Elisabeth Kubler-Ross, the famous psychologist, says, “Our only purpose in life is growth. There are no accidents.”
Lobsters outgrow their shells. As they grow in their outer casings, they become so uncomfortable that it’s impossible for them to live in the same shells. In fact, if they are to survive, they have to grow bigger shells. They do this by venturing out into an ocean, completely unprotected from predatory fish. They do this alone and in the open. The entire outer sheath comes off and the pink membrane inside grows to become a harder, bigger shell.
Like a lobster, if you remain the way you are, you’ll become cramped, overgrown or worse, figuratively dead. Older people tend to become more of what they have always been! They lack the courage to change or face the rough sea ahead. Growth is not an accessory, it’s a continuous process. Change is mandatory, since imagination, courage, daring and constant learning belong to us through our lives. And no one, but you, is responsible for your growth, happiness or rejuvenation. I know of a man who asked his wife of fifty-four years, to write a list of things that would make her truly happy. Every single thing in the list depended on him. How can her life become more fulfilling? How can her life get bigger if she’s always depending on someone else to make changes necessary for a happier and more fulfilling existence?
It’s never too late to change, to make old dreams come true or to dream new ones. At the age of sixty-five, Laura Ingalls Wilder published ‘Little House in the Big Woods’, the first of her eight-volume ‘Little House’ series. At sixty-seven, Louise Arner Boyd became the first woman to fly over the North Pole. At ninety, Jenny Wood-Allen of Scotland completed the London Marathon in eleven hours, thirty-four minutes – she had run her first marathon at the age of seventy-one! Winston Churchill deserved a rest after World War – II, but instead took up a pen and won the Nobel Prize for literature, at age seventy-nine!
Late American jurist, Oliver Wendell Holmes’ friend asked him why he had taken up learning Greek at the age of ninety-four. Holmes replied, “Well, my good sir, it’s now or never.” When JC Penny was ninety-five years old, he affirmed, “My eyesight may be getting weaker, but my vision is increasing.”

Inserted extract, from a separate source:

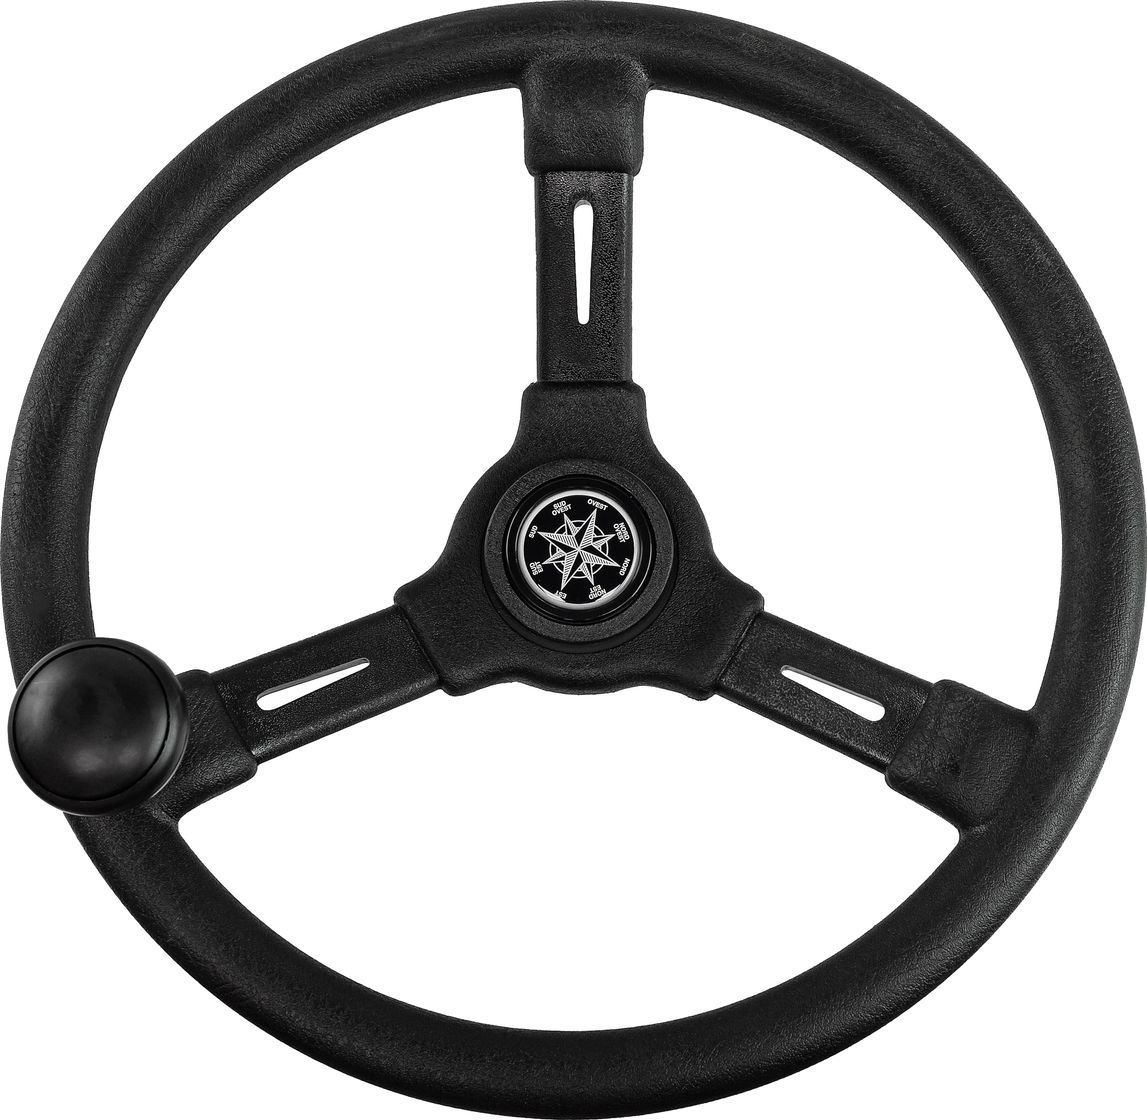 Рулевое колесо RIVIERA черный обод и спицы д. 350 мм со спинером VN8250-01 гарнитура hama nhs p100 черный 2м накладные шейный обод 00139920 с микрофоном

Sadly, for many, aging finds us smaller, diminished and living in cramped shells that we should have abandoned years ago. We always want to avoid discomfort, long lines, foreign travel or new foods. We protect and overprotect our lives until we have no lives beyond sitting in front of a television, wearing our slippers, watching other people live, create, laugh and love. People who ‘check out’ this way because they think they’re too old to participate in the land of the living, become too old to participate. Remember – just coz you’re near the top of the hill, doesn’t mean you’ve passed your peak!
As missionary and philosopher, Albert Schweitzer said, “The tragedy of life is not in the fact of death. The tragedy of life is in what lies inside a man while he lives – the death of genuine feeling, the death of inspired response, the death of awareness that makes it possible to feel the pain or the glory of other men in oneself.” The loss of our capacity to feel, to notice and to care, shrinks both – our world and ourselves, as we age. Old age has a purpose, and we can choose to either sacrifice it or actualize it.

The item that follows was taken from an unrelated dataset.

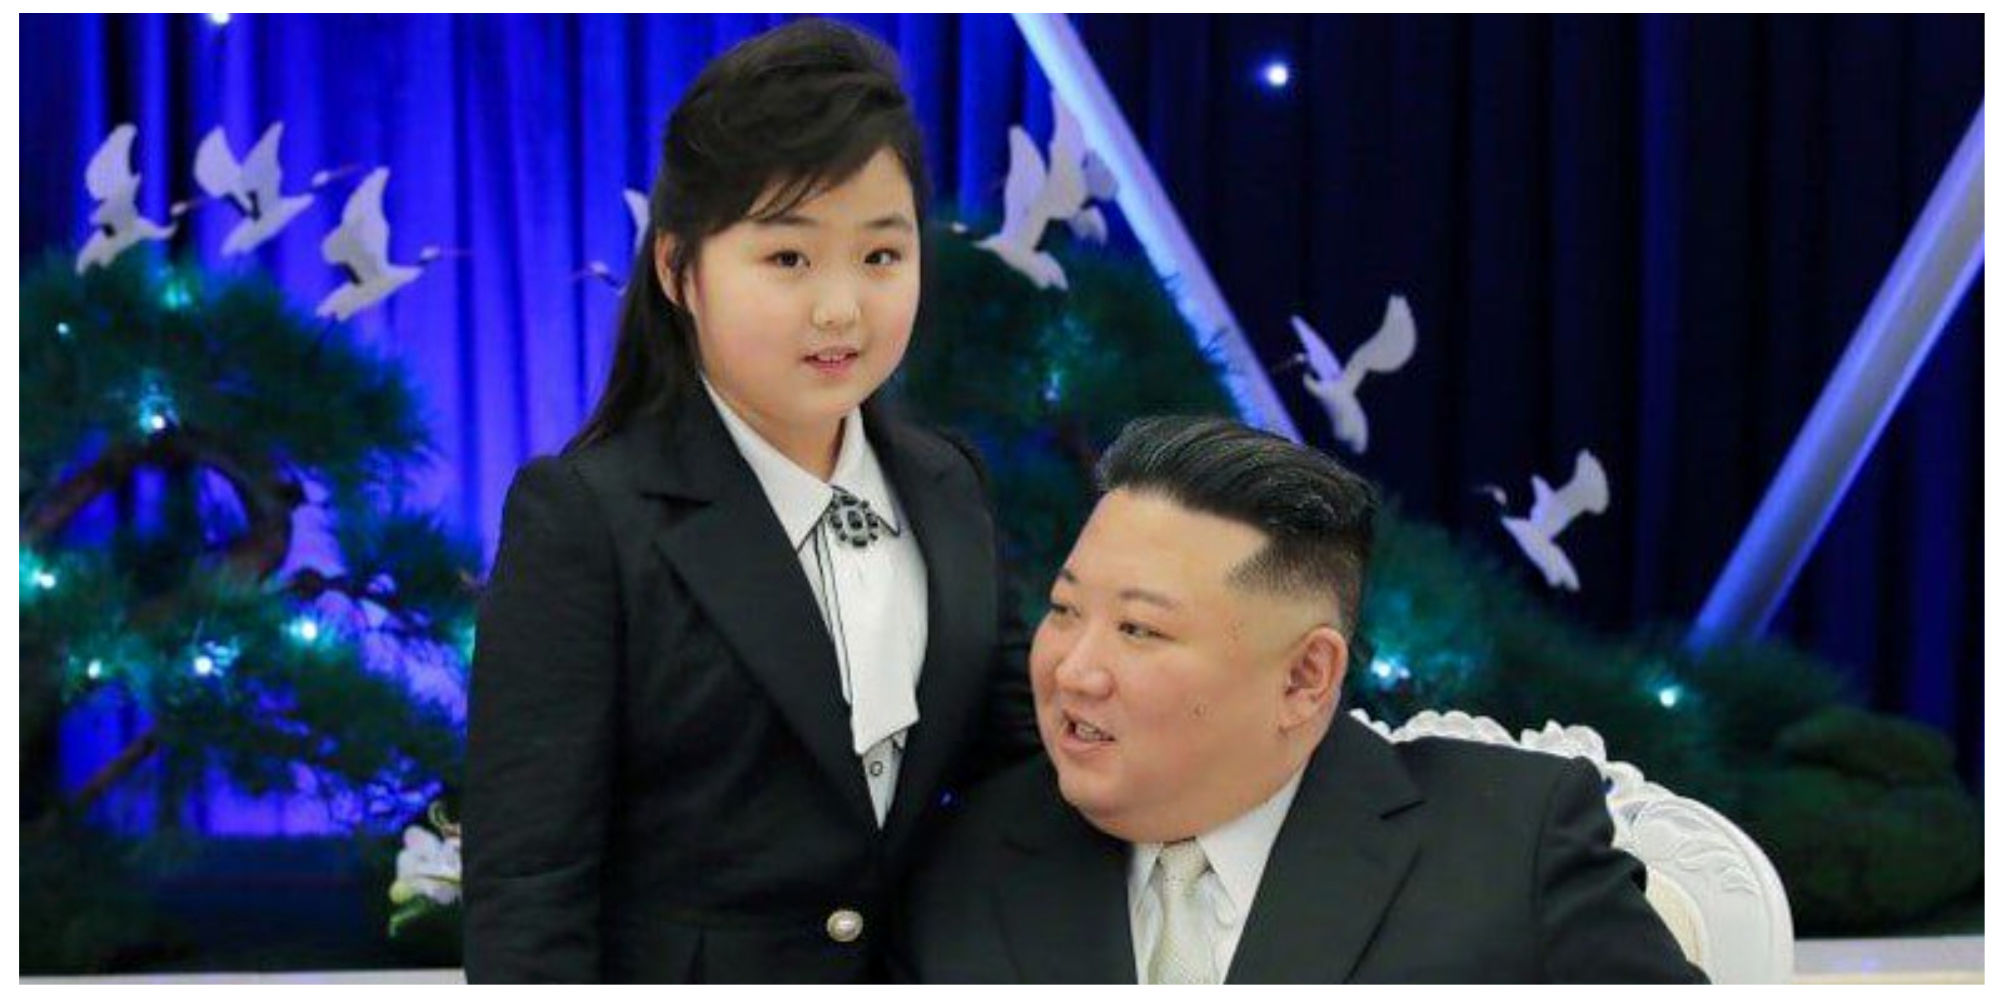 کت گران قیمت دختر رهبر کره شمالی جنجالی شد/ عکس

We have a choice between decay and growth, between a resounding ‘yes’ to life and a feeble, fearful ‘no’. As Bob Dylan said, “If you aren’t busy being born, you are busy dying.” We all must re-engage our zest for life and optimism for the future, hoping that the best is yet to be. Not a hope for immortality or revived youth, and not a hope for a retreat into the past – because that’s where we are comfortable. Rather, the hope for a continued search, in each and every precious moment, for the source of our better selves.
Life is a process that is forever changing and developing. We must give meaning to newly initiated values, virtues and obligations that come with age, and the often-increasing intensity of feeling and experiencing that life offers. So, what are the choices? You could choose despair, loneliness or self-imposed isolation like some unfortunate people who always stay at home. You could choose to run out of life experiences, to cease your interest in the people around you, in books, newspapers, magazines, sitting in nature, listening to music and interacting with new people. By making this choice, you create a life that makes you boring, makes you tired, makes you old. Have you noticed how people who self-isolate themselves at home, age very fast with nothing to do and nowhere to go?
Or, you could choose to actively participate in what psychologist Abraham Maslow called, ‘a time when everything gets piercingly important’! “As you grow older, you get floored by flowers and by babies and by beautiful things.” By choosing growth, you choose to see, feel, acknowledge loss and face fears. You choose to see who you are and what you want to do. You become closer to the center of the universe, grow a new shell and become real! So, get out of that comfortable sofa, get out of the house and embrace life with both your hands!!